(INFORMATION PROVIDED Opens)

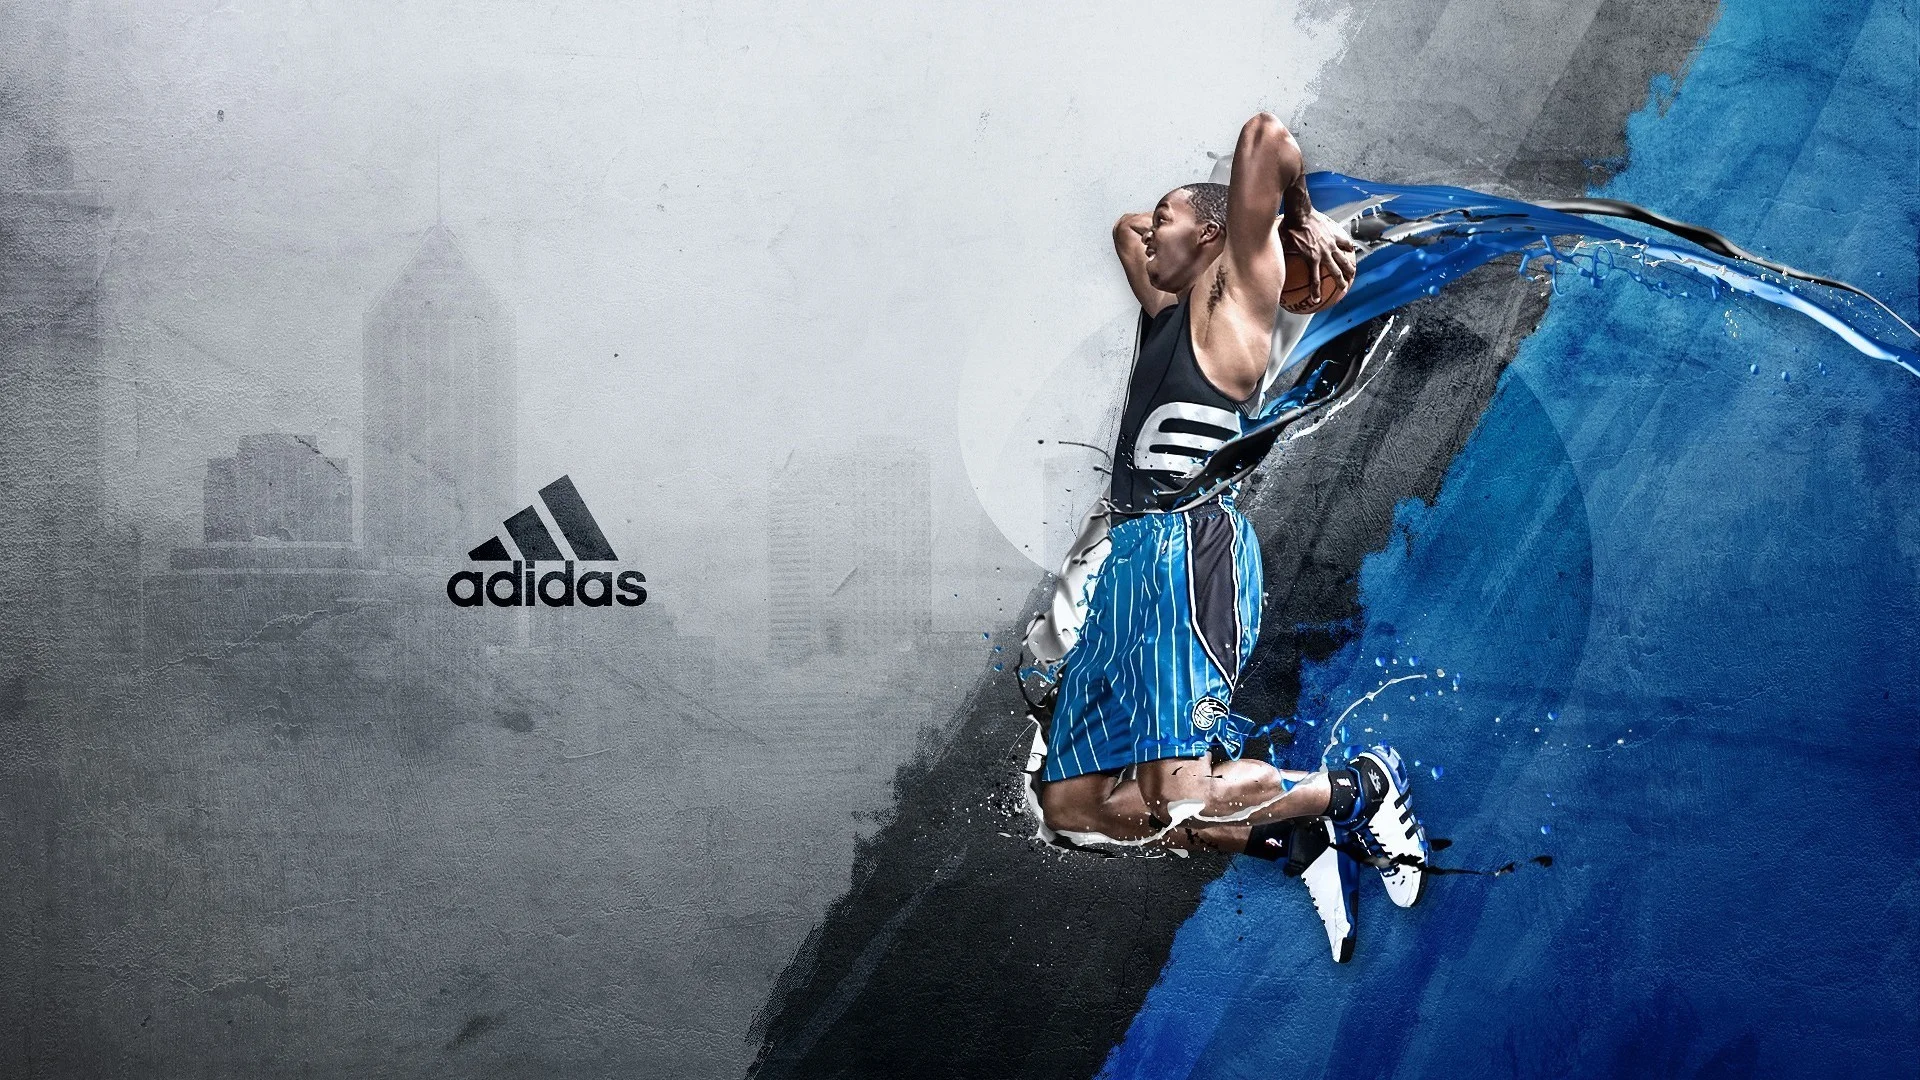 Adidas Basketball hd Widescreen Wallpaper hight definition Widescreen images
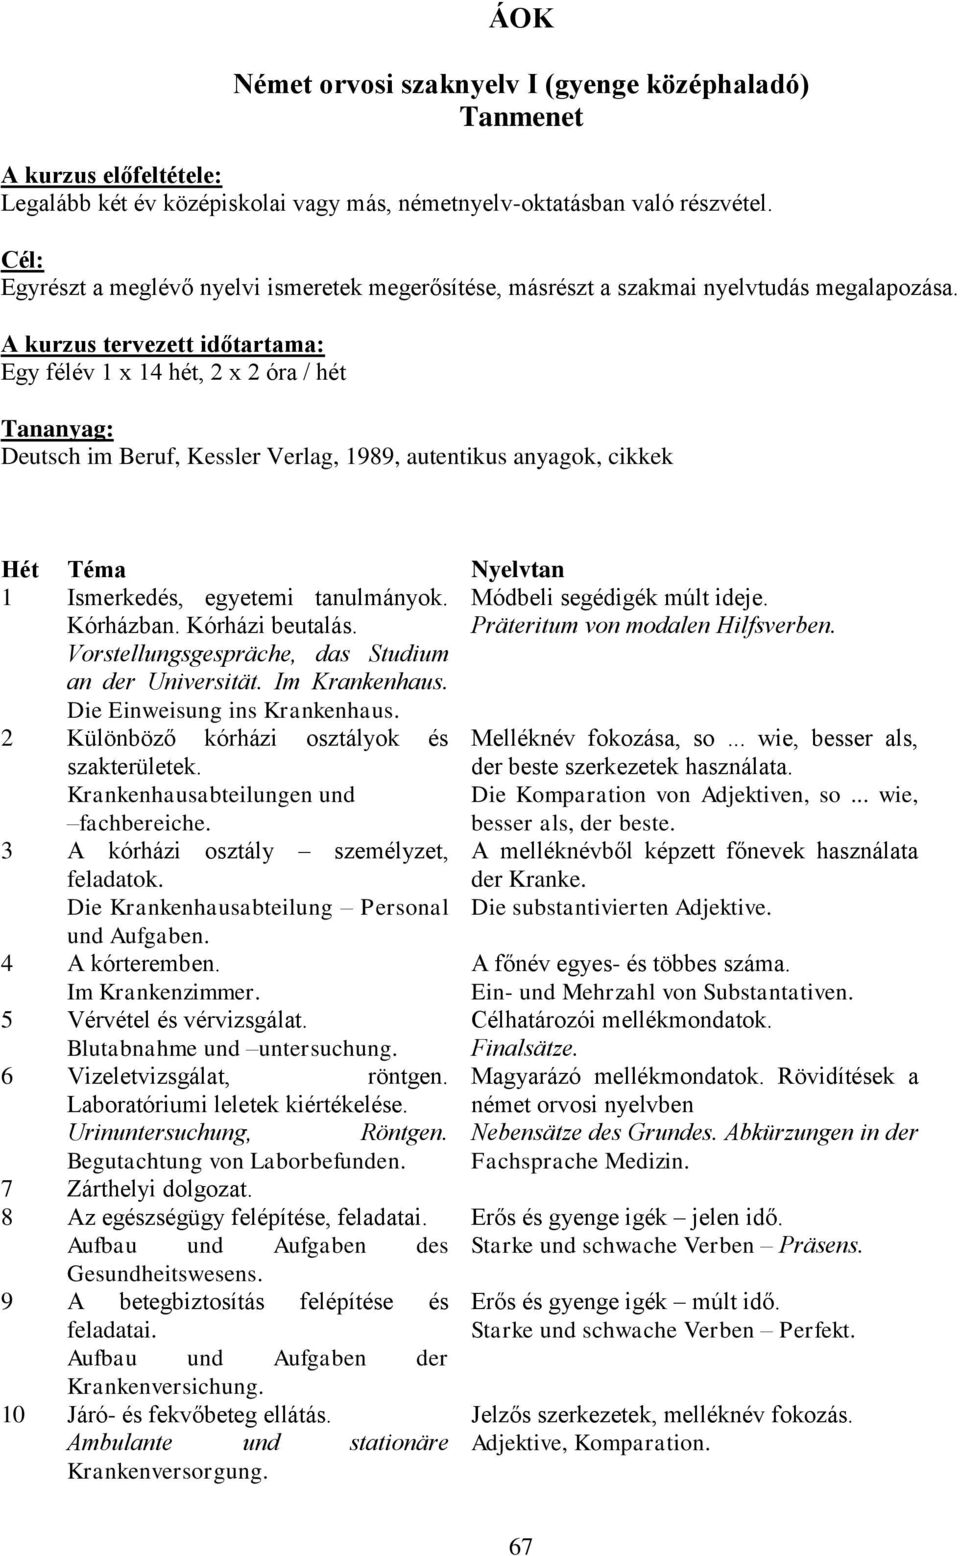 A kurzus tervezett időtartama: Egy félév 1 x 14 hét, 2 x 2 óra / hét Tananyag: Deutsch im Beruf, Kessler Verlag, 1989, autentikus anyagok, cikkek Hét Téma Nyelvtan 1 Ismerkedés, egyetemi tanulmányok.
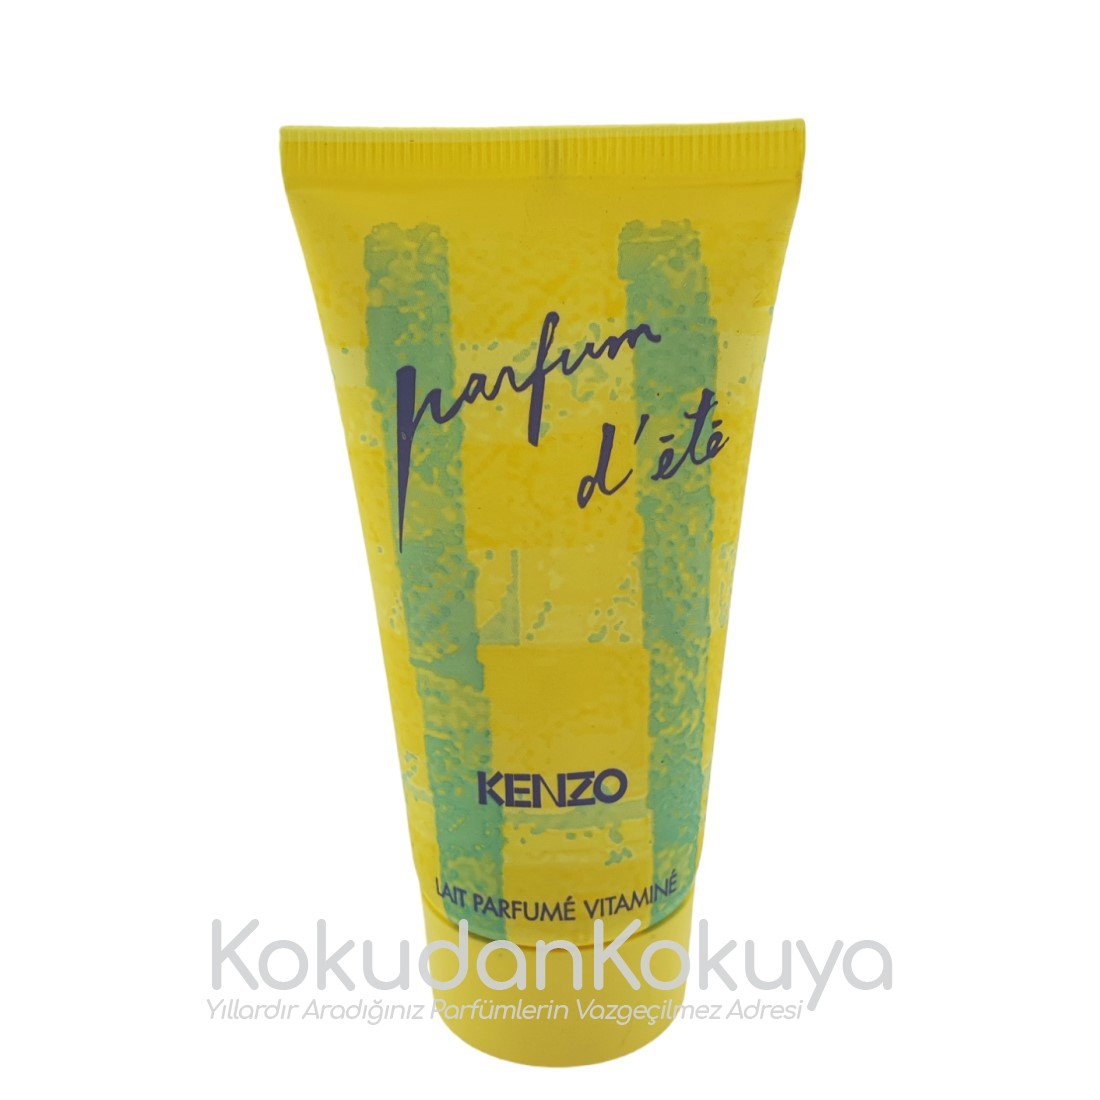 KENZO Parfum D'Ete (Vintage 1) Vücut Bakım Ürünleri Kadın 50ml Vücut Losyonu 
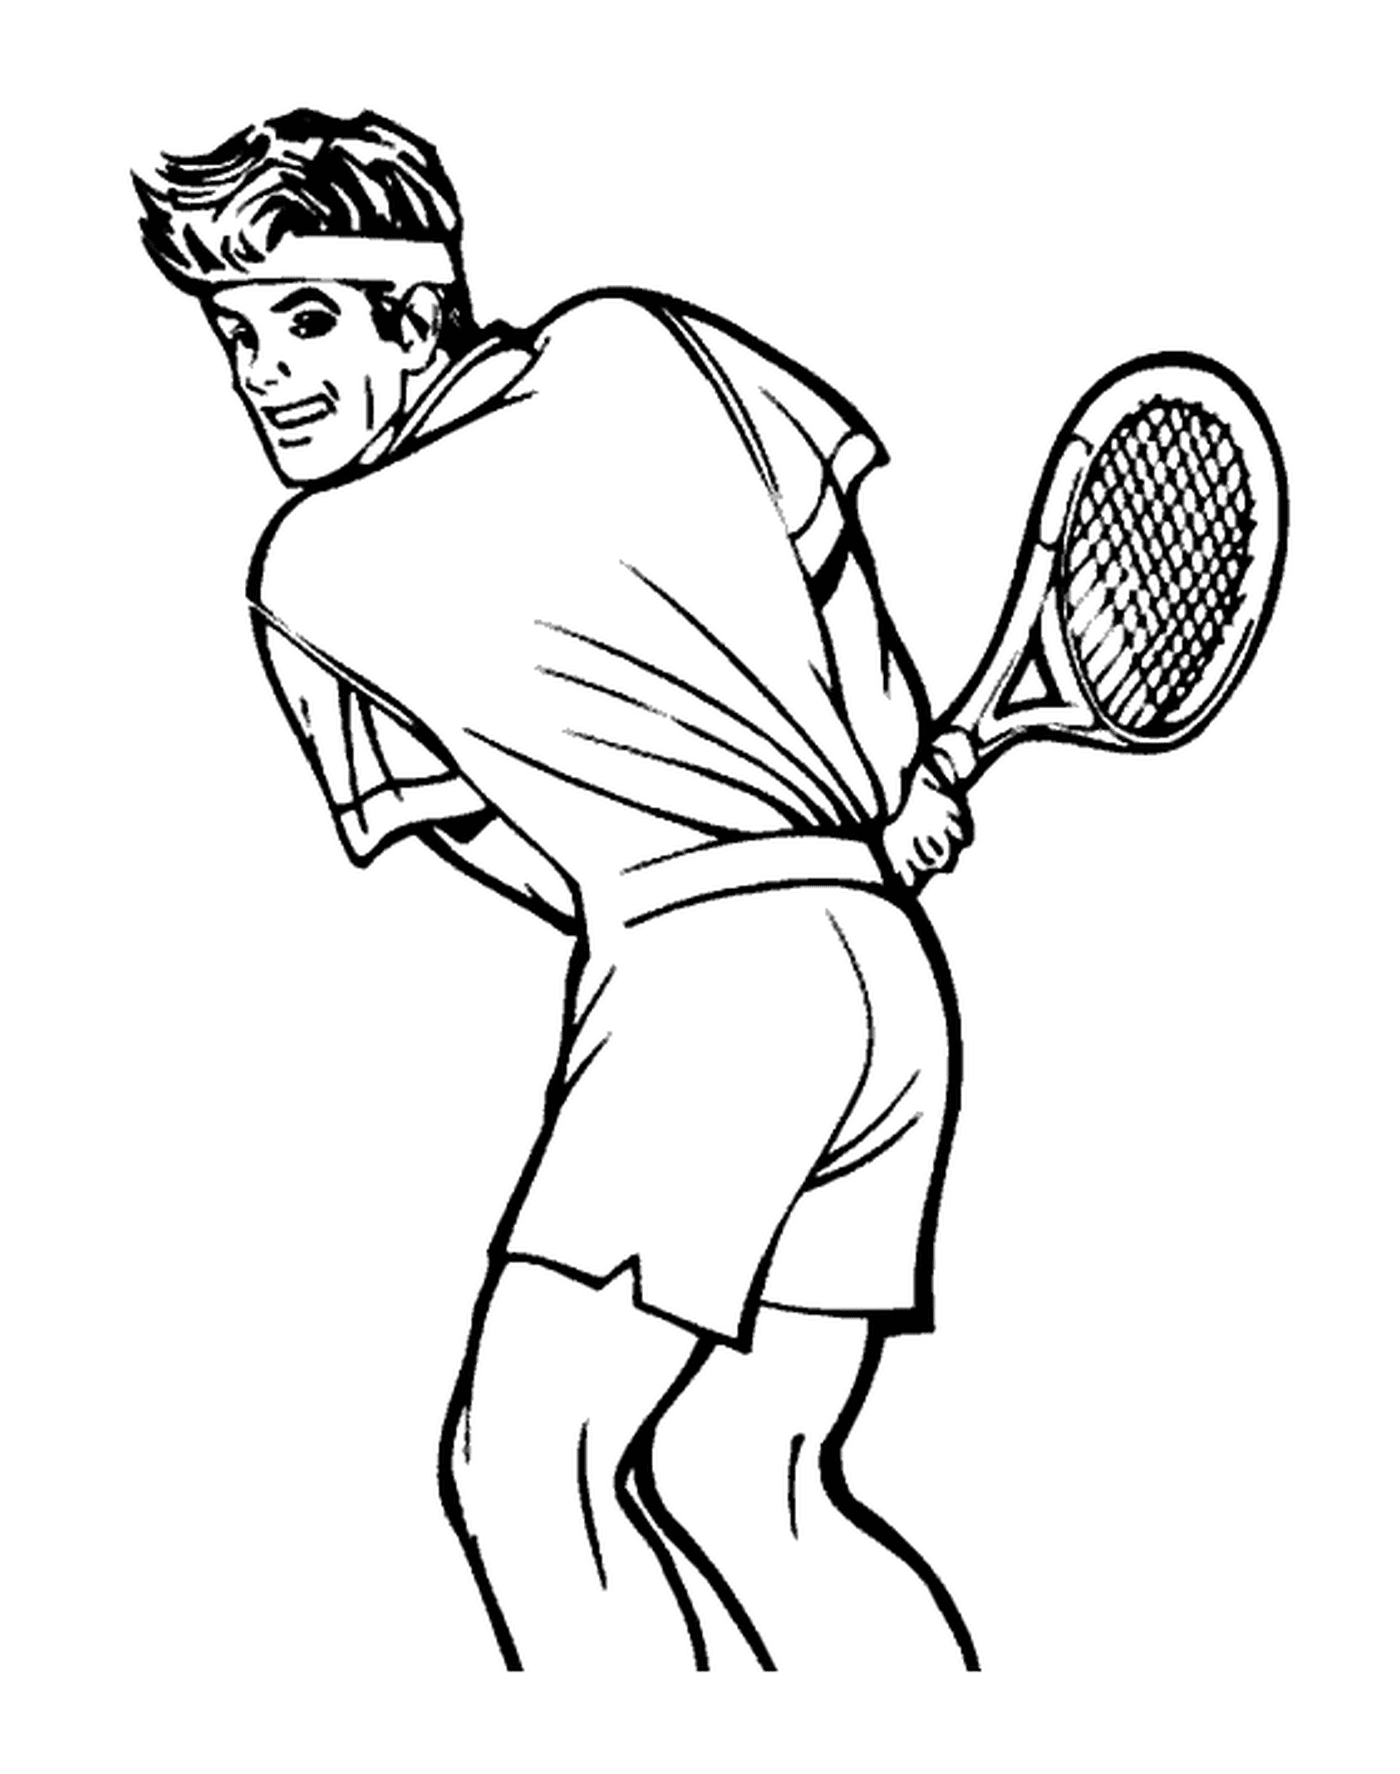  Un tennista sul campo

(INFORMATION PROVIDED Closes)

Going from the line holding "KENZO Parfum D'Ete" to the last line of the data above, reproduce every line exactly, both included, with the pictures omitted.

 KENZO Parfum D'Ete (Vintage 1) Vücut Bakım Ürünleri Kadın 50ml Vücut Losyonu 
  Un tennista sul campo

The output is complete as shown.